In fact, non-lattice fragments are often indicative of missing hierarchical relations or concepts. As a demonstration of the practical utility of the non-lattice-based approach, Cui et al. [7] identified four lexical patterns among non-lattice subgraphs in SNOMED CT. Each lexical pattern is associated with a potential specific type of error. Applying the structural-lexical method to SNOMED CT (September 2015 U.S. edition), 6,801 non-lattice subgraphs matched these lexical patterns, of which 2,046 were amenable to visual inspection. Evaluation of a random sample of 100 small subgraphs resulted in 59 confirmed errors by domain experts. Abeysinghe et al. [9] further applied the four patterns to audit National Cancer Institute (NCI) Thesaurus (version 16.12d) and introduced two new lexical patterns to uncover potential errors and suggest remediations. A total of 8,143 non-lattice subgraphs were identified in NCI Thesaurus, among which 809 matched the six lexical patterns. Domain experts evaluated a random sample of 50 small subgraphs and verified that 33 of them contained errors and made correct suggestions. Such hybrid structural-lexical methods are innovative and proved effective not only in detecting errors, but also in suggesting remediation for these errors.

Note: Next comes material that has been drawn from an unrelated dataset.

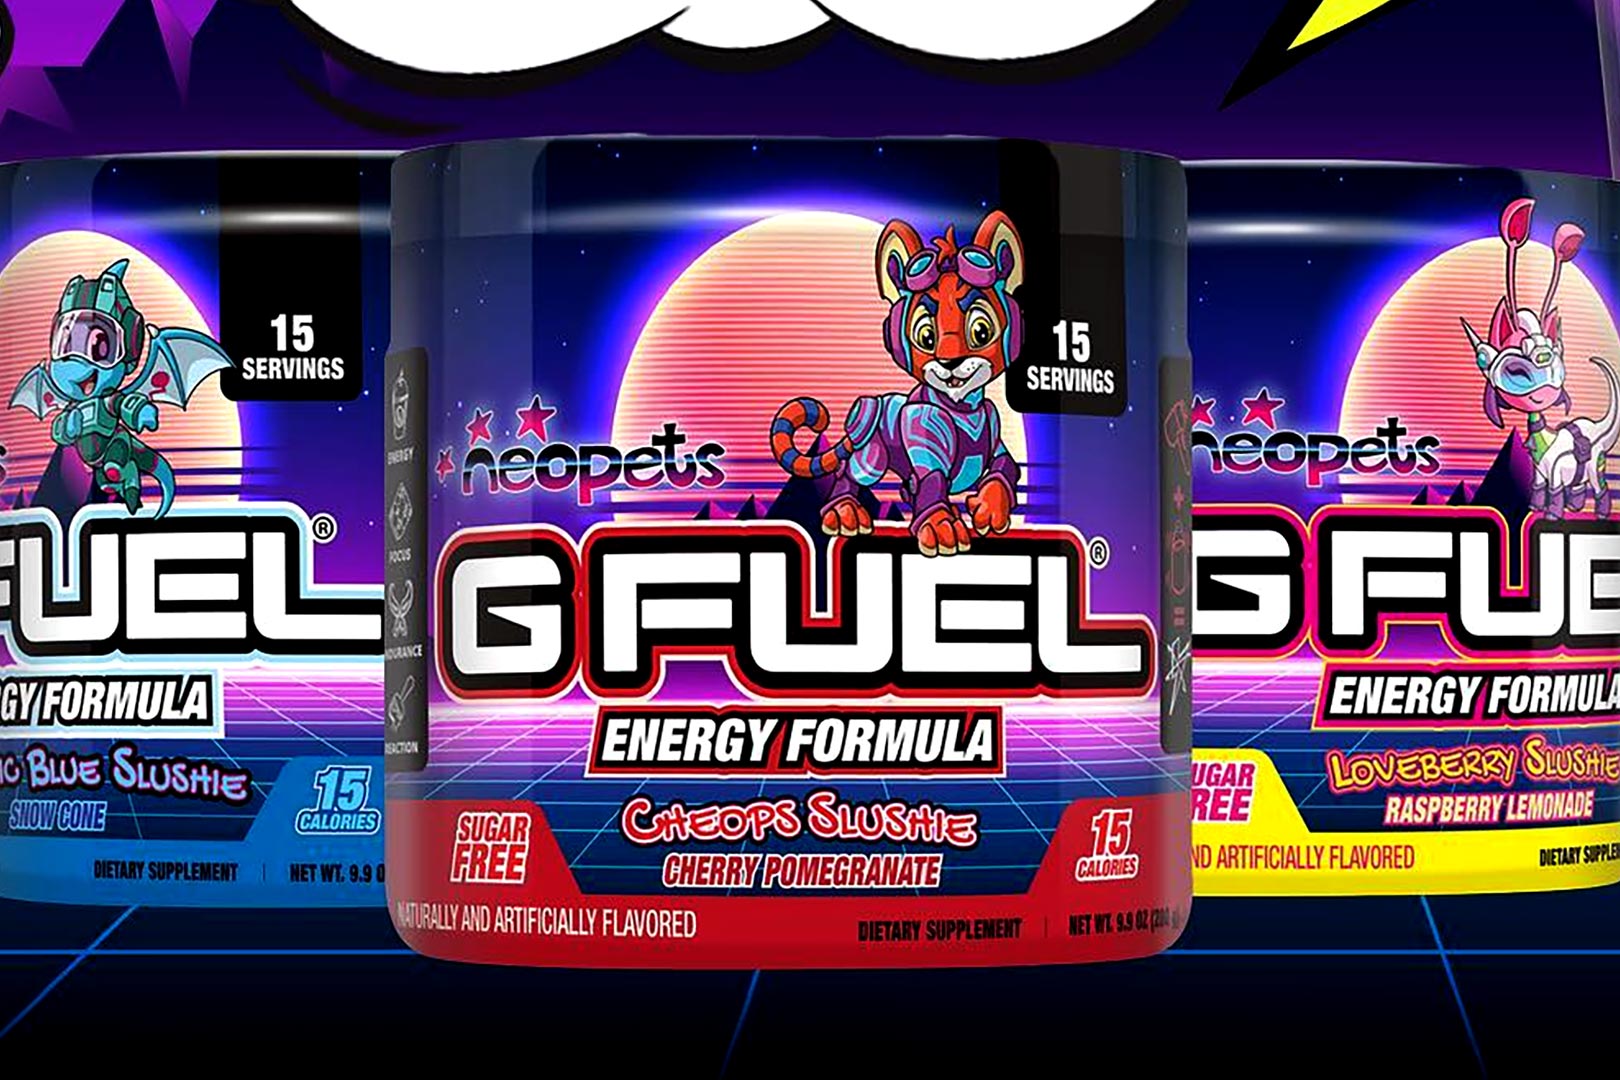 G Fuel X Neopets Collaboration

2.3. The computational challenge

Exhaustive generation of non-lattice fragments for large ontological graphs such as SNOMED CT, with over 300,000 concepts and 450,000 is-a relations, is computationally expensive if not prohibitive, using an exhaustive sequential approach. For example, in [5], 34 million pairs of SNOMED CT concepts were examined and 518,000 non-lattice pairs were identified using SPARQL queries over an RDF representation of the ontology. The time involved for such an exhaustive approach, 3 months using standard desktop machines, is inadequate for quality assurance applications.

In more recent work, a general MapReduce pipeline called MaPLE for Lattice-based Evaluation [6] has been introduced for detecting non-lattice pairs. Using a Cloudera Hadoop cluster, MaPLE detected all non-lattice pairs in SNOMED CT, with an average total compute time of about 3 hours per version.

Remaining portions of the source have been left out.